5. Wake Up & Smell the Roses
Ever notice how our breath is one of the first functions to be affected by stress? Our chest tightens and inhales become quicker and shallower.
It’s no surprise that slowing down and deepening the breath has a profound effect on the mind. Alternate nostril breathing (Nadi Sodhana) is one of the best breathing techniques to bring us back to the present moment, to help release accumulated stress and calm the mind.
The technique is all in the name: breathe alternately between both nostrils.
Using your right hand, place your thumb on your right nostril and your pinkie finger on your left nostril. Apply a slight pressure where the cartilage begins to partially close both nostrils.

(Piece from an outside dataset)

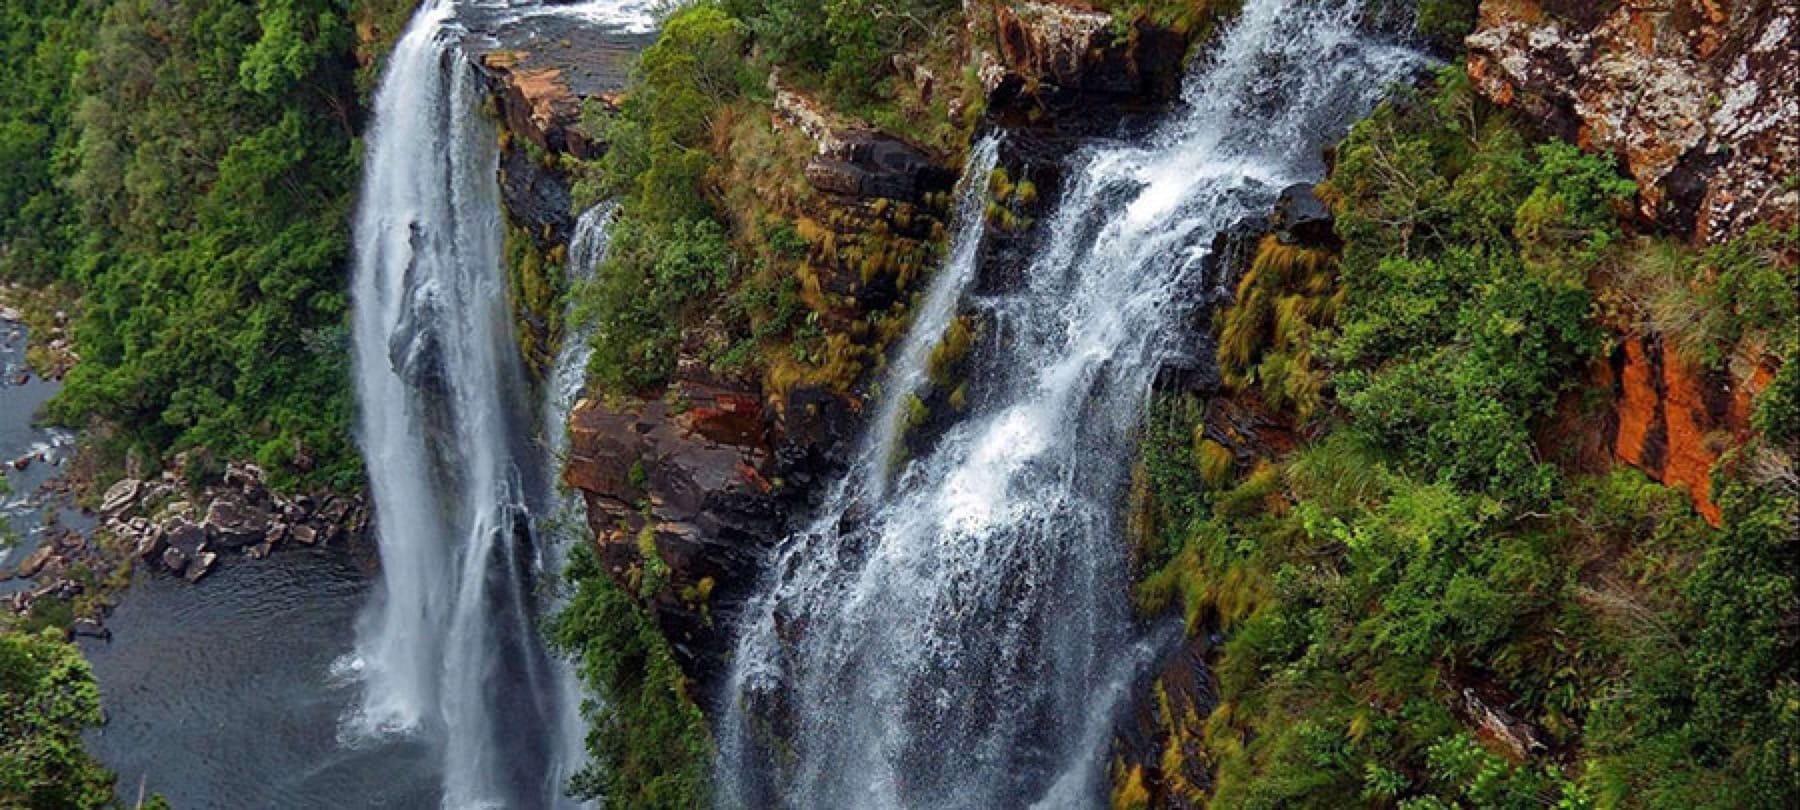 Mac Mac Falls along the panorama route south africa

Press your right nostril closed and breathe in through the partially closed left nostril. Close your left nostril, partially release the right and breathe out. Breathe in through the partially closed right nostril, then out the partially closed left nostril.
Repeat, slowing your breath to a comfortable rhythm. Shortness of breath is a sign that you’re forcing your breath beyond its limit.
6. Lean Back
Restorative heart and hip opening yoga poses are low-key ways to ease the mind and body. Supported bound angle pose (Supta Baddha Konasana) is especially useful for allowing ourselves to feel vulnerable at the heart and releasing negative emotions we tend to suppress into our hips.
Sit on the floor with a bolster, pillow or stacked blankets a few inches behind your pelvis. Bring the soles of your feet together and wrap a rolled blanket around your ankles, drawing the edges under your outer thighs to support them as they fall open, creating a diamond shape with your legs.
Lie back on your support of choice, making sure your head is also supported.
Rest your arms by your side, palms facing up. Close your eyes and breathe. Return to the slow rhythm of your breath and repeat the Ho’oponopono meditation if it feels right as you ease into relaxation.
As you incorporate one, some or all of these tricks into your routine, notice the positive shift in your perception. Remember, our outlook is what dictates the response in our body and mind.
Move toward love and acceptance, but set reasonable expectations. Willingness to face our anxiety is a step up from fear.
Let go, live in the present moment and above all, celebrate what is.